### Data shown
▬▬▬▬▬▬

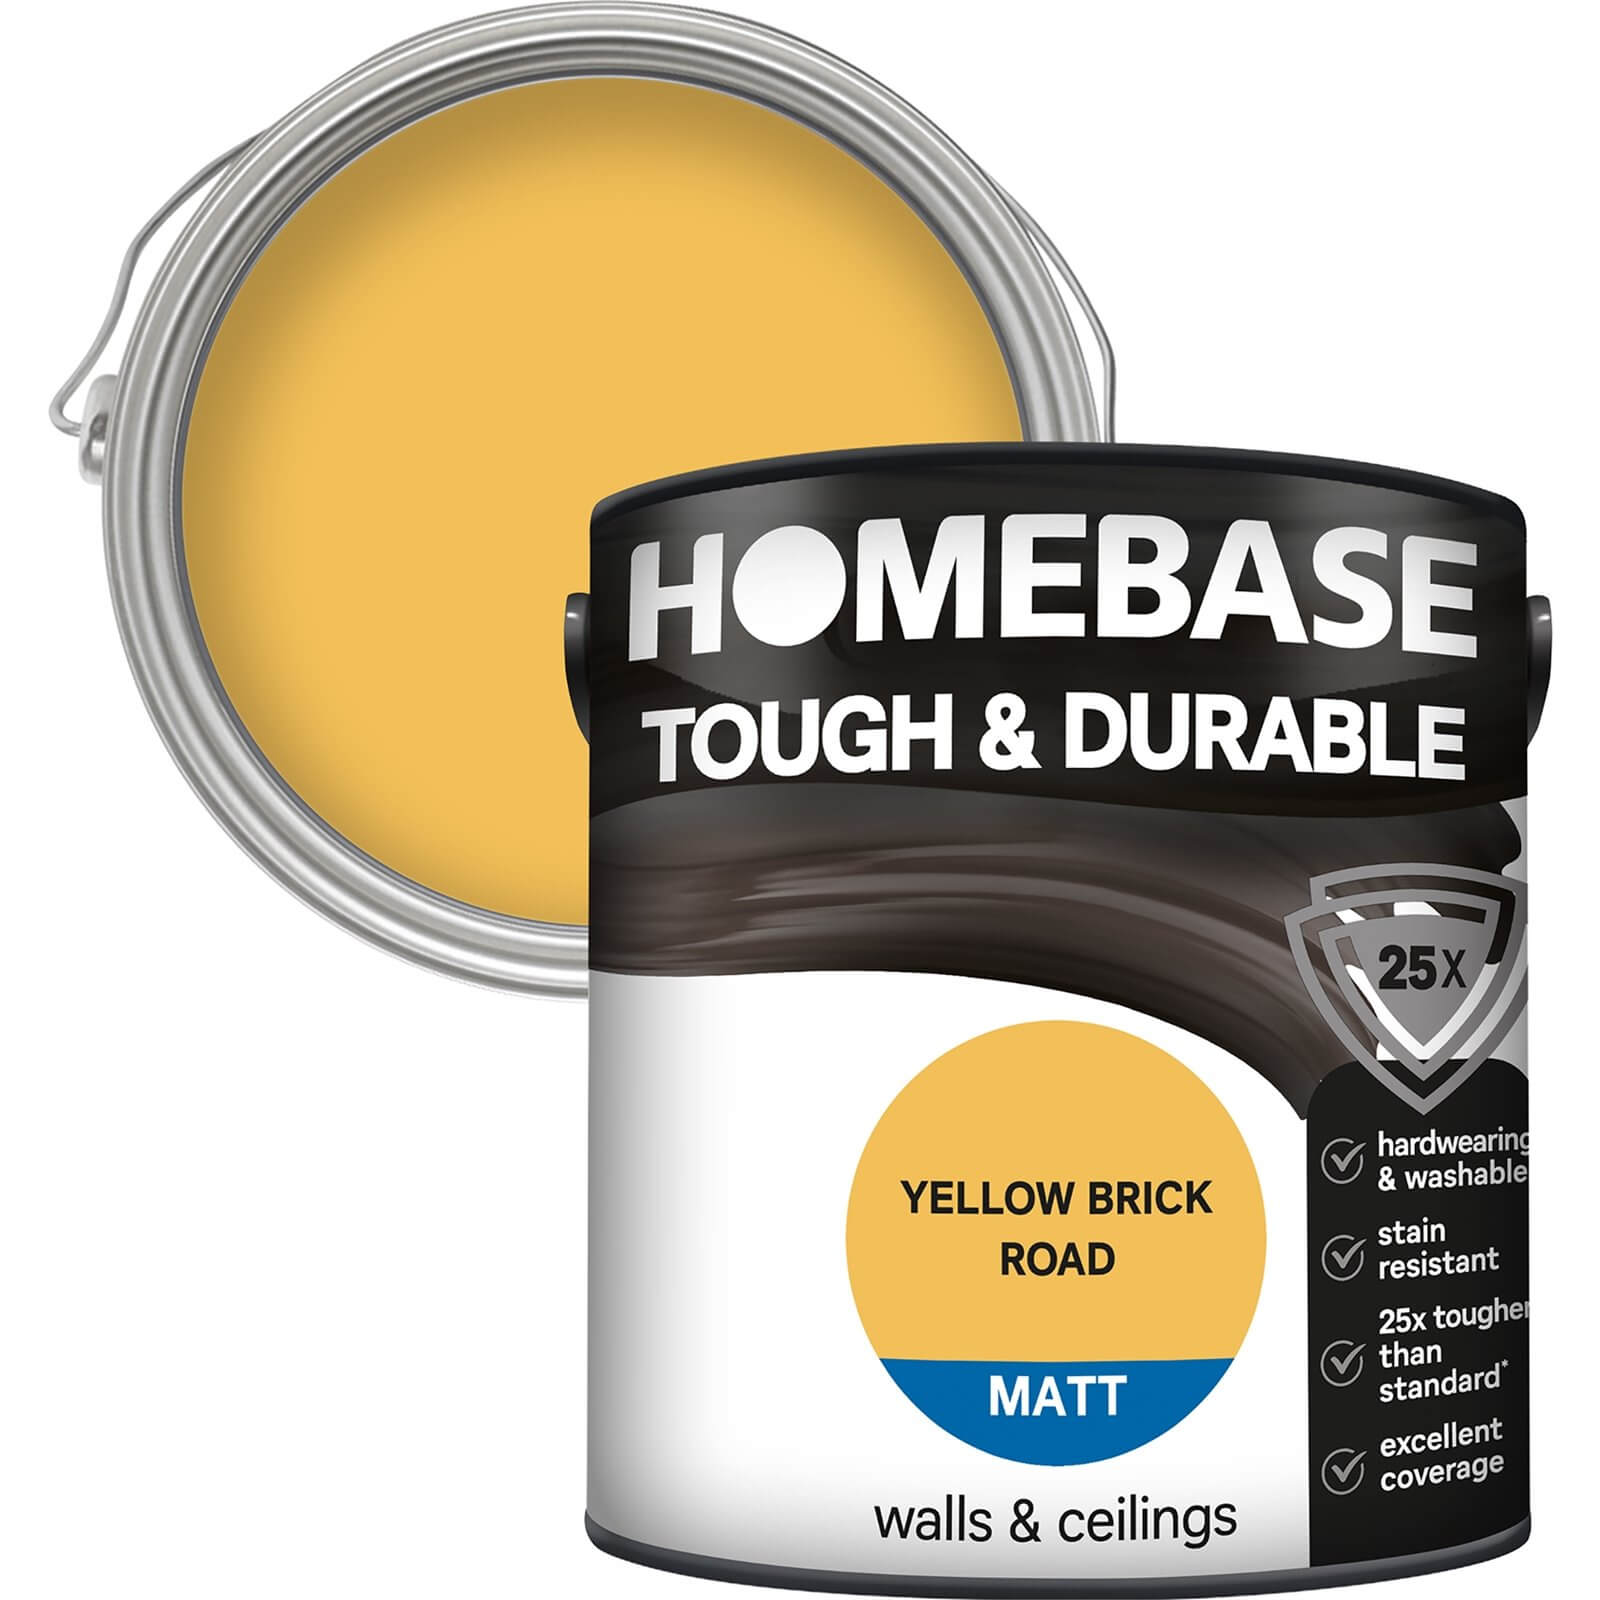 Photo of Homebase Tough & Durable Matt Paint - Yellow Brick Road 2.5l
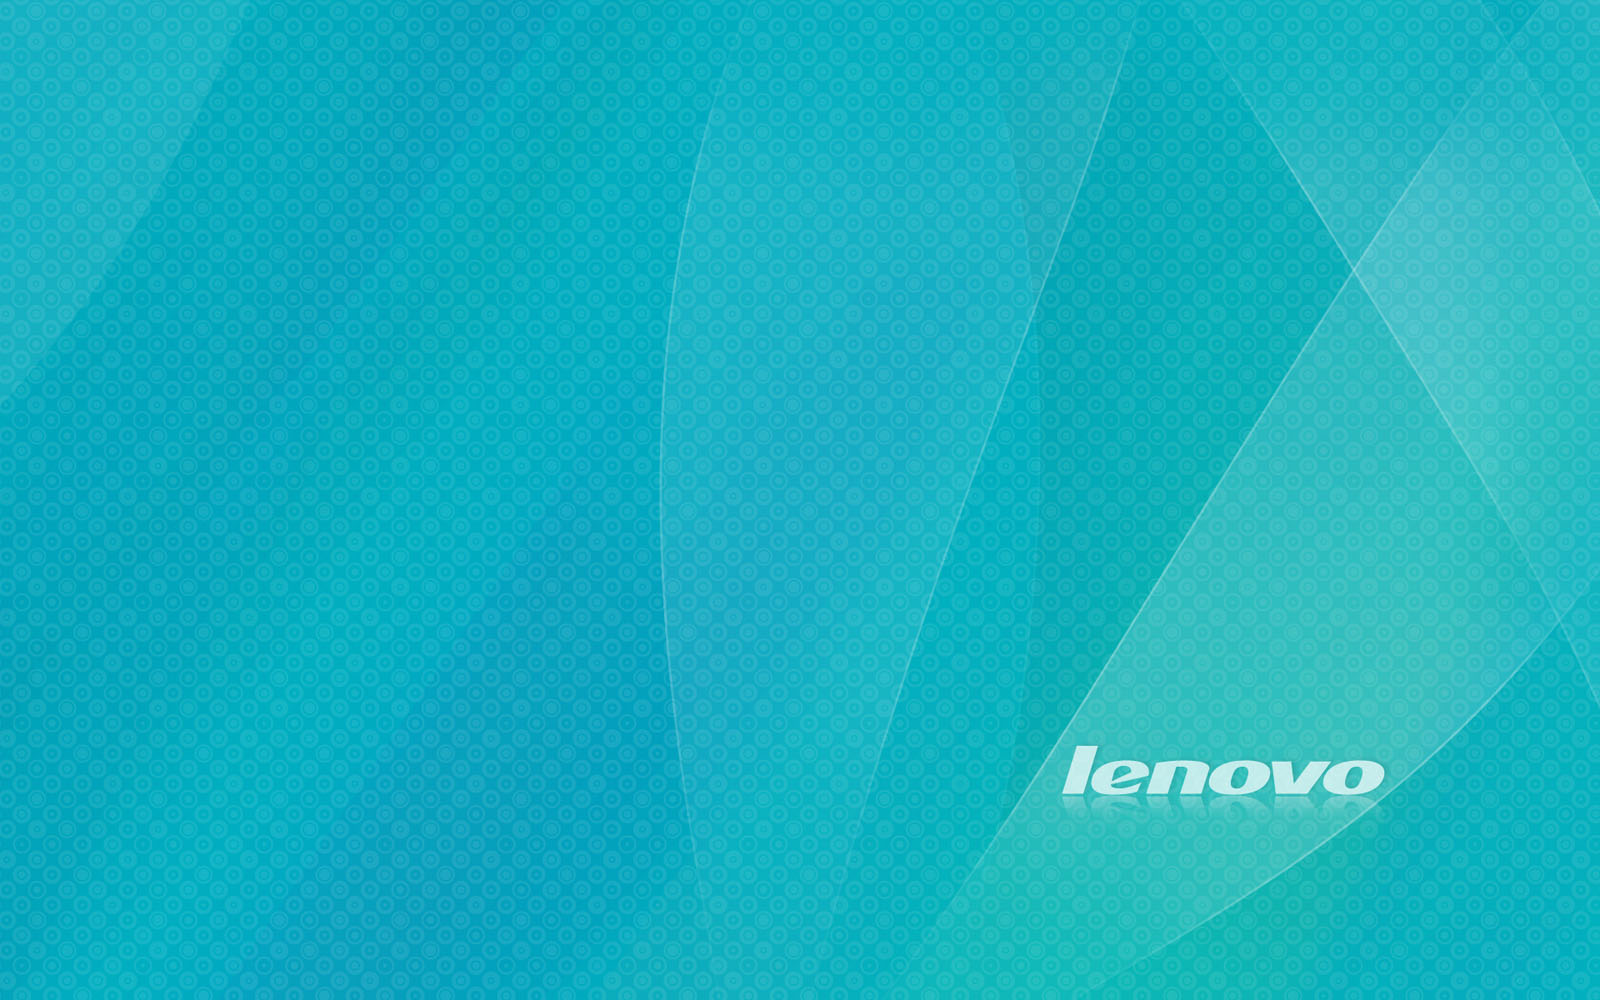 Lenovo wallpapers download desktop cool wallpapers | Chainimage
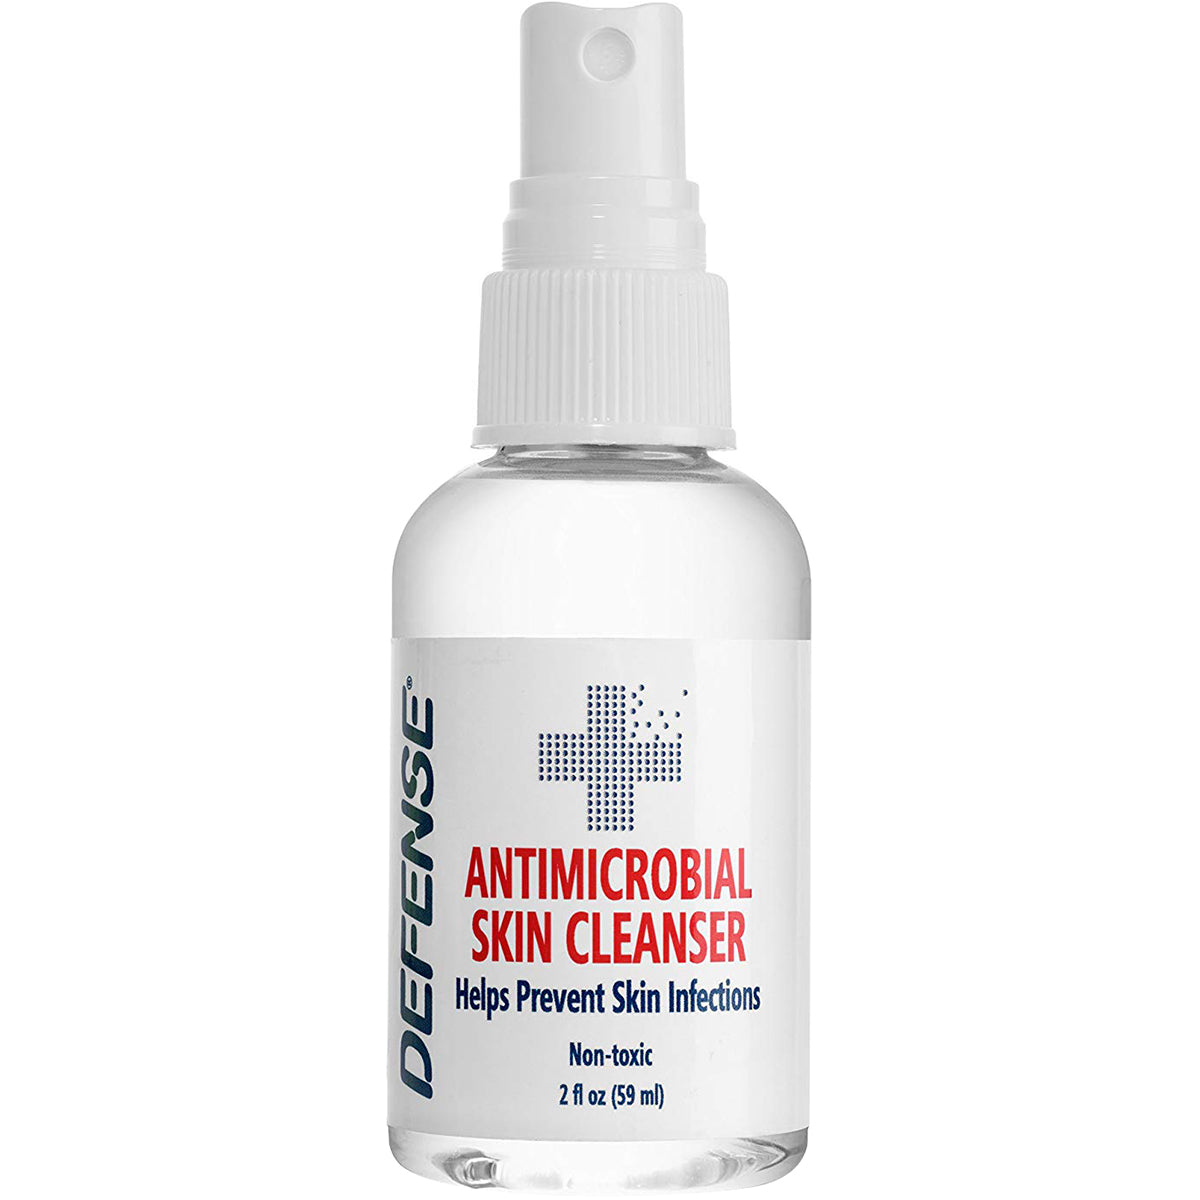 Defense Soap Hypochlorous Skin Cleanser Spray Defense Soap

▬▬▬▬▬▬

### Task item
Please output the full listing above exactly, minus any pictures.

### The completed task
 Photo of Homebase Tough & Durable Matt Paint - Yellow Brick Road 2.5l
 Lenovo wallpapers download desktop cool wallpapers | Chainimage
 Defense Soap Hypochlorous Skin Cleanser Spray Defense Soap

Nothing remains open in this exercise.